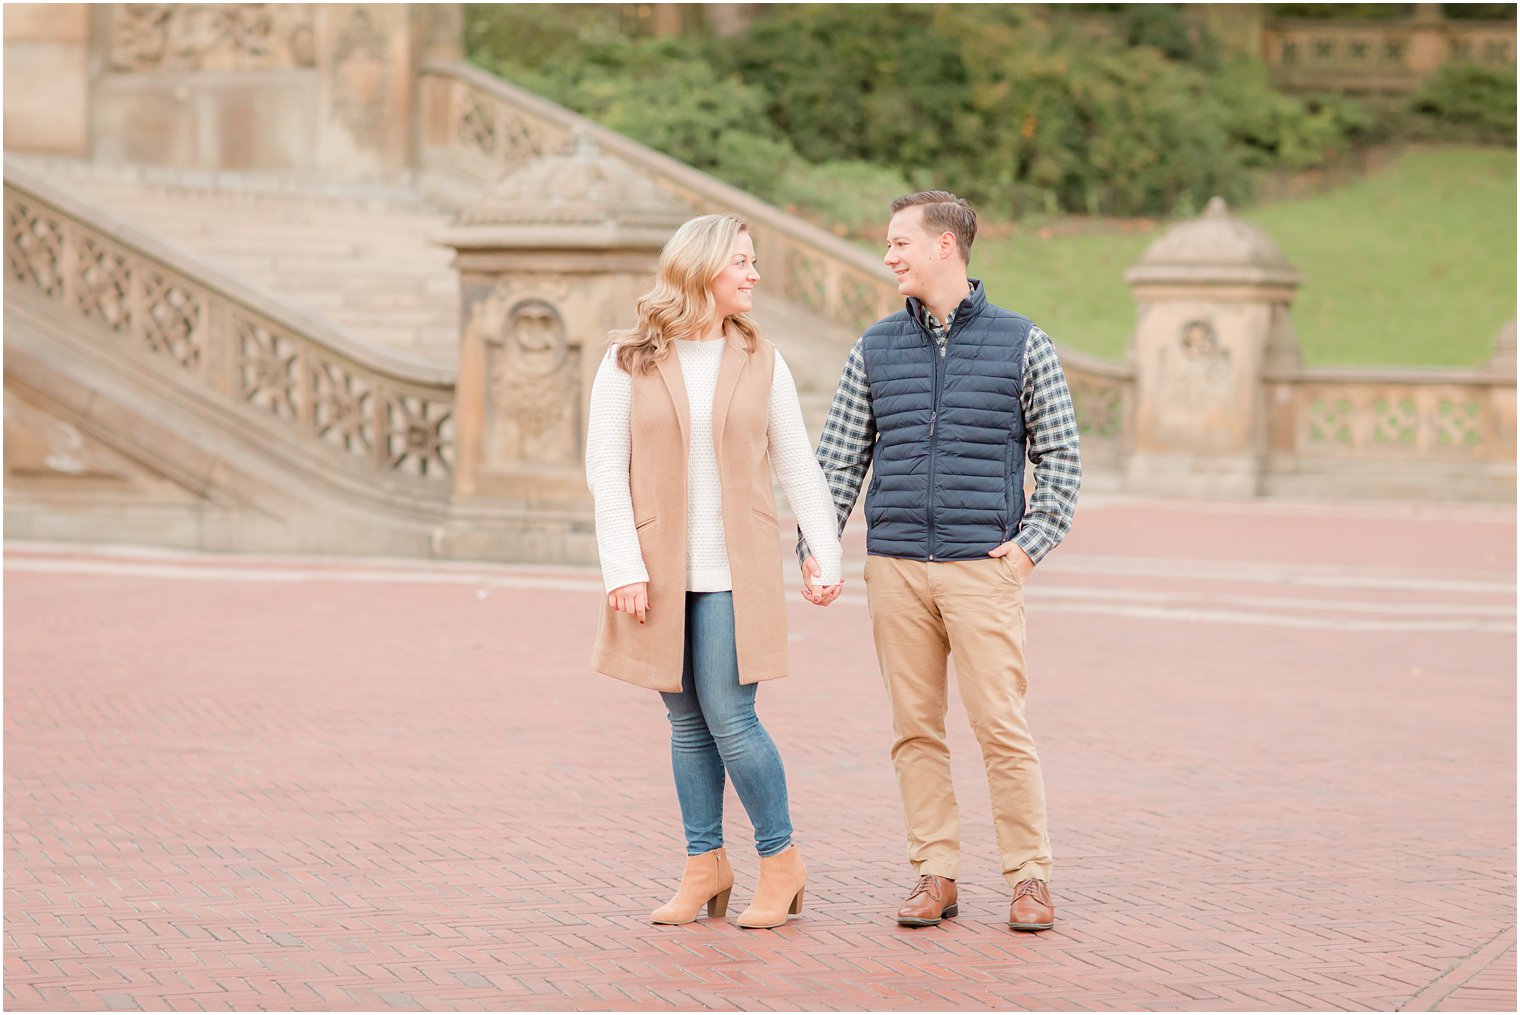 Autumn fall engagement at Bethesda Terrace in Central Park
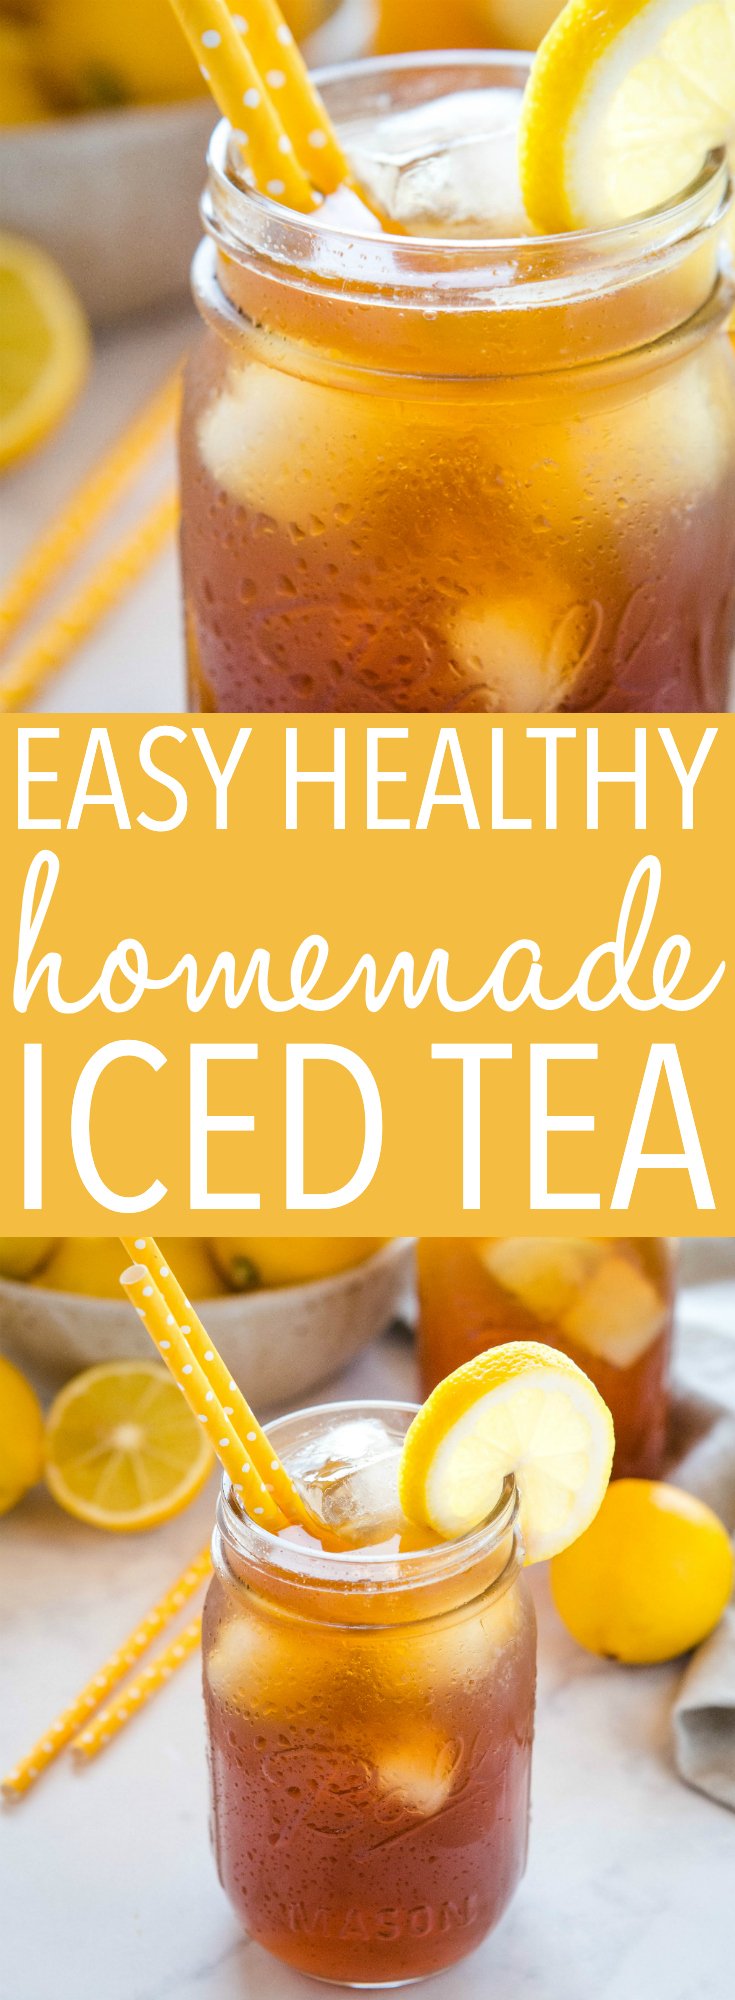 This Healthy Iced Tea recipe is a refreshing drink for summer! 3 ingredients, NO refined sugar or artificial sweeteners - Under 50 calories per serving! Recipe from thebusybaker.ca! #summer #icedtea #sweettea #sugarfree #lowcalorie #diabeticfriendly #healthy #homemade #drink #summer via @busybakerblog
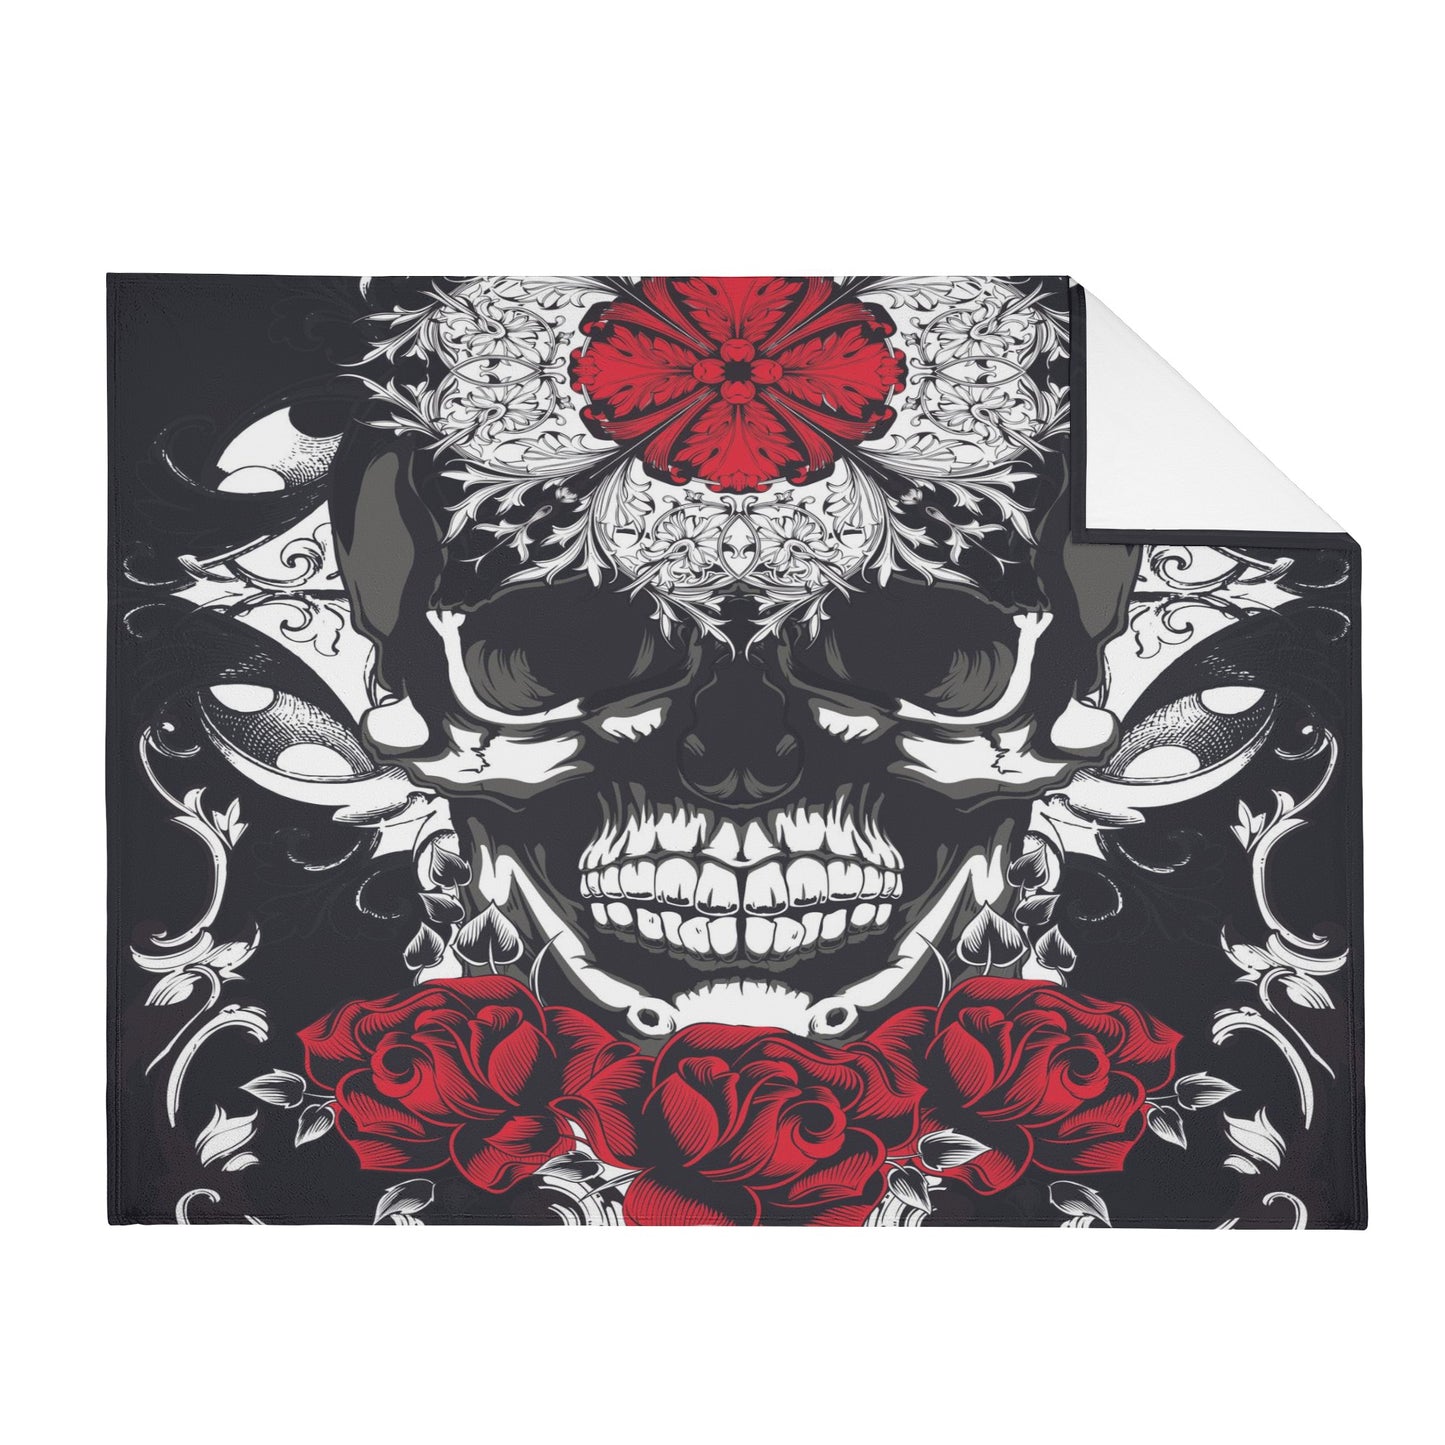 Gothic floral skull Horizontal Flannel Breathable Blanket 4 Sizes
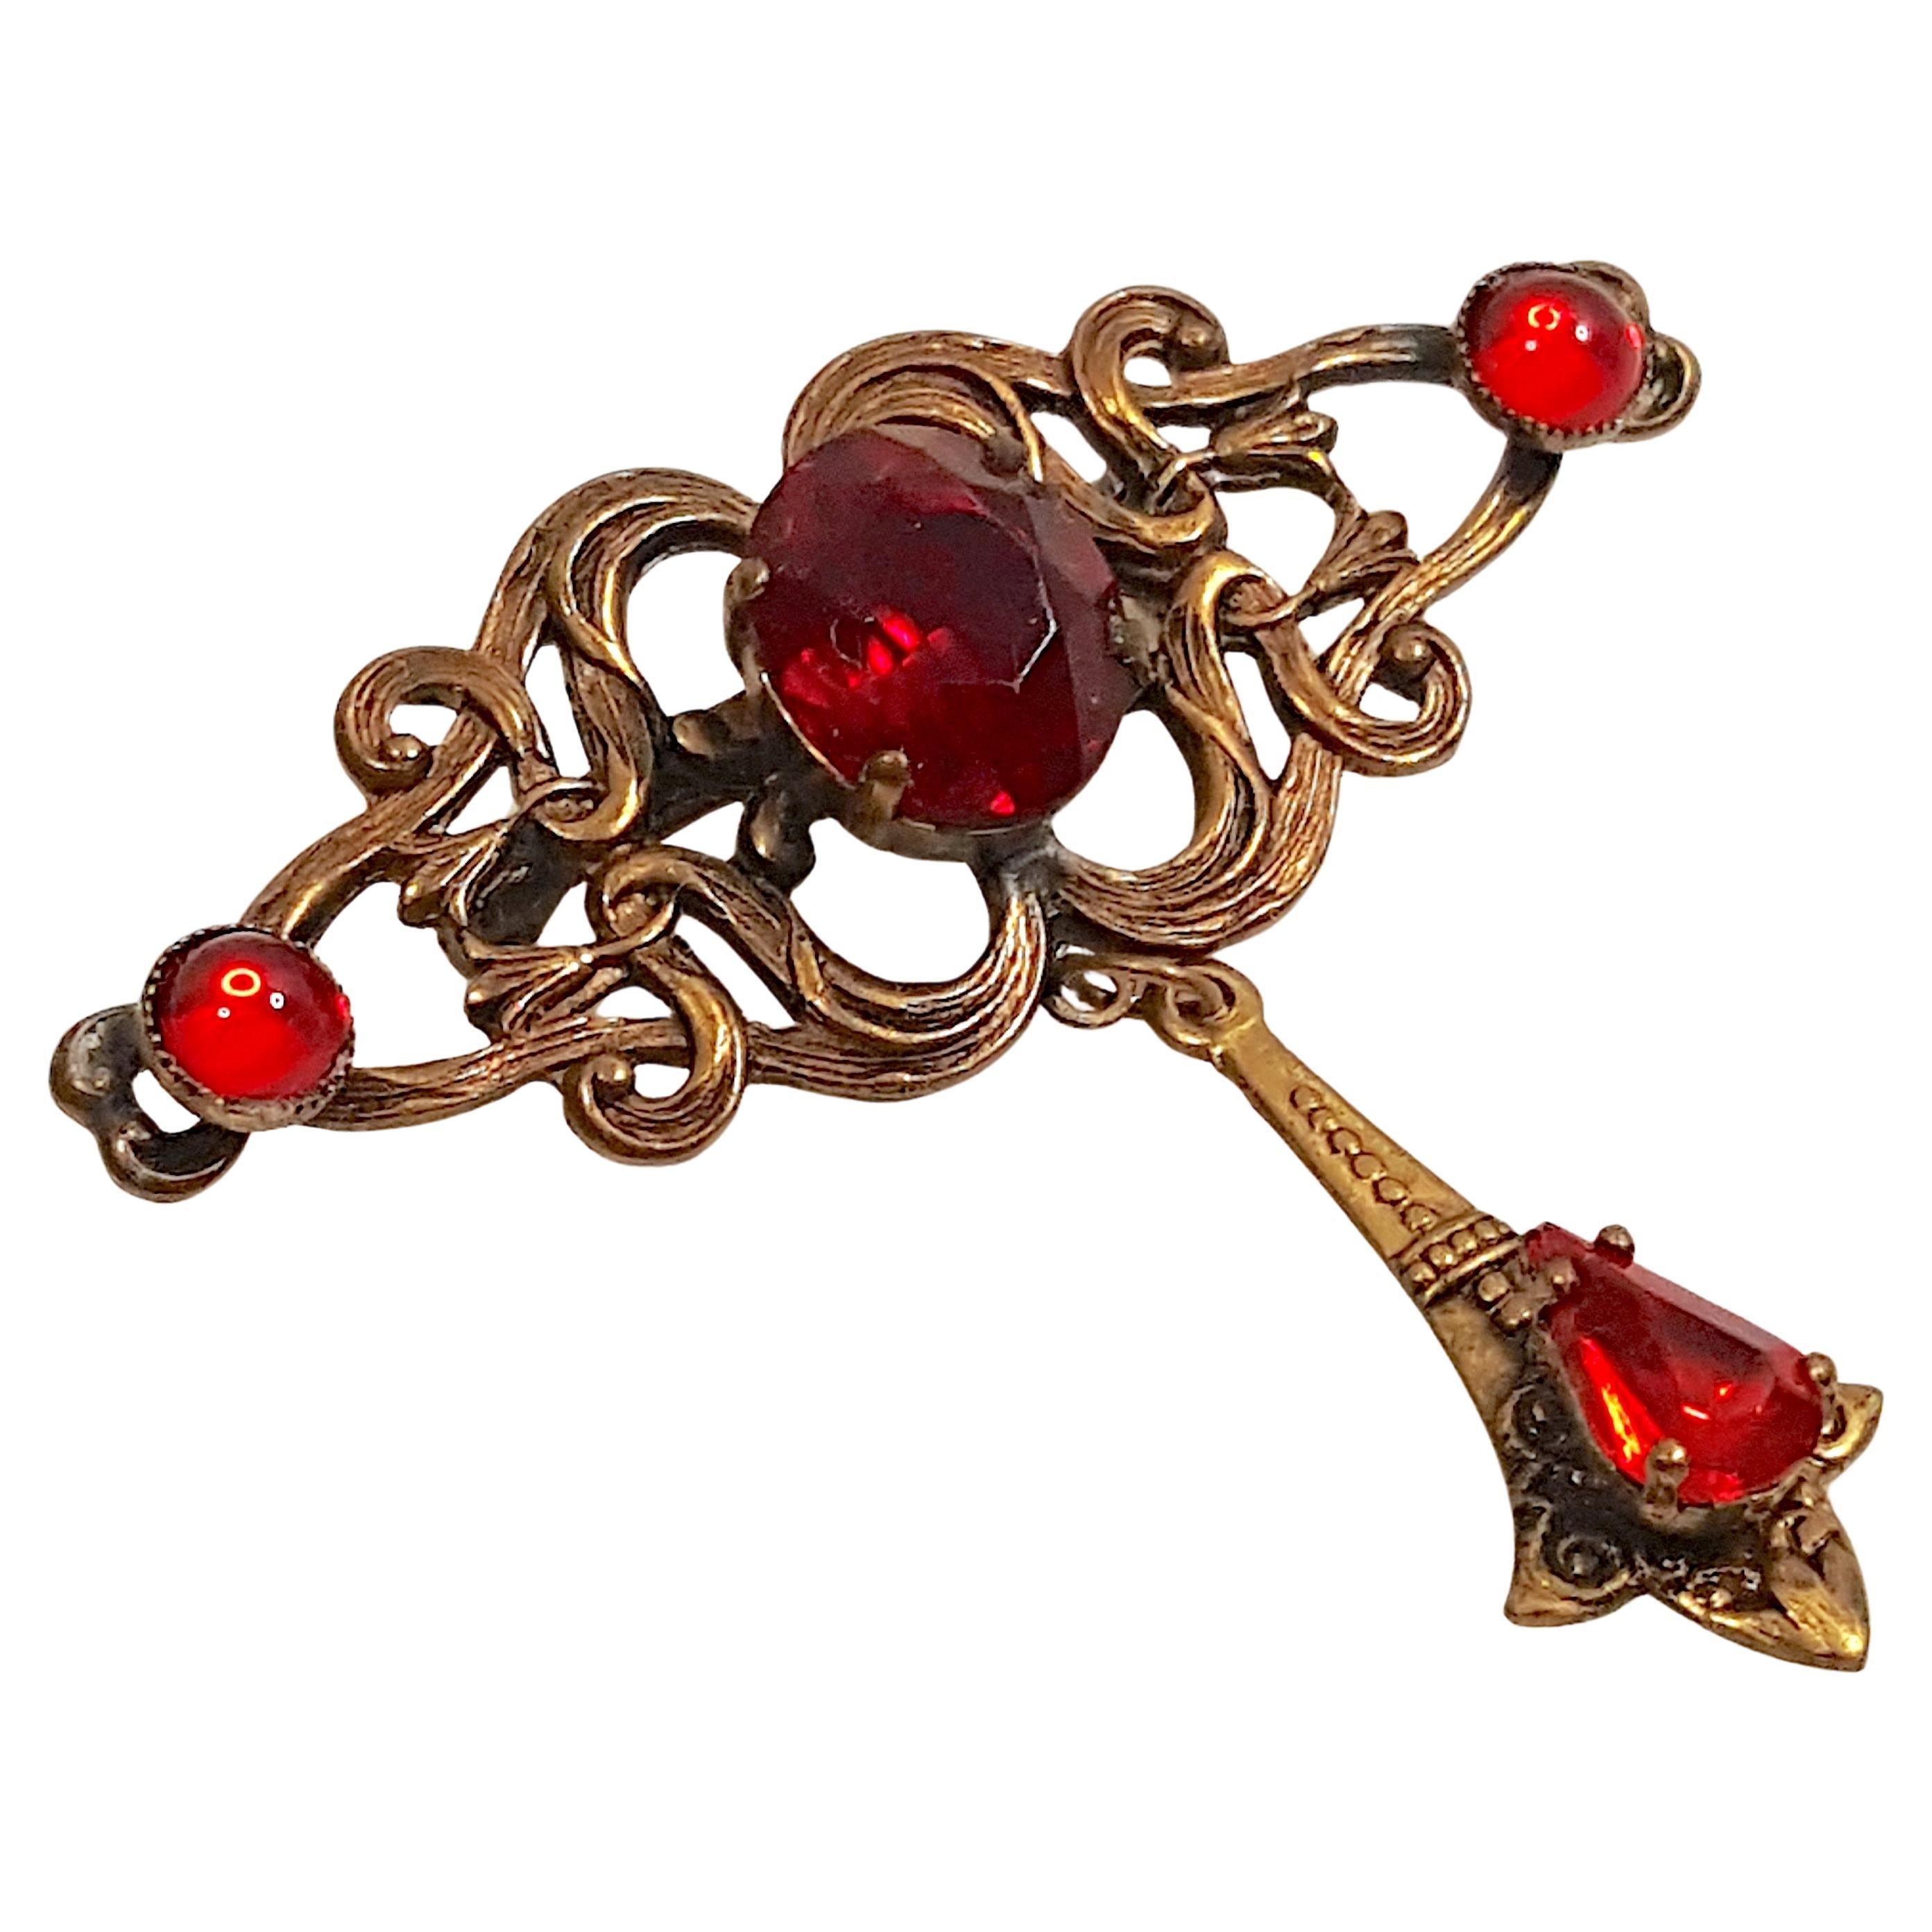 In the 1920s in an Art-Nouveau style, Czech costume-jewelry designer Max Neiger created this brass dangle brooch that features three different shapes of either bezel-or-prong set red glass for a wide variety of rich and bright reflections. Aside

++++++

When an image appears in the data, skip it and output the rest exactly.

 Autumn fall engagement at Bethesda Terrace in Central Park
 This Healthy Iced Tea recipe is a refreshing drink for summer! 3 ingredients, NO refined sugar or artificial sweeteners - Under 50 calories per serving! Recipe from thebusybaker.ca! #summer #icedtea #sweettea #sugarfree #lowcalorie #diabeticfriendly #healthy #homemade #drink #summer via @busybakerblog
 Gothic floral skull Horizontal Flannel Breathable Blanket 4 Sizes
 In the 1920s in an Art-Nouveau style, Czech costume-jewelry designer Max Neiger created this brass dangle brooch that features three different shapes of either bezel-or-prong set red glass for a wide variety of rich and bright reflections. Aside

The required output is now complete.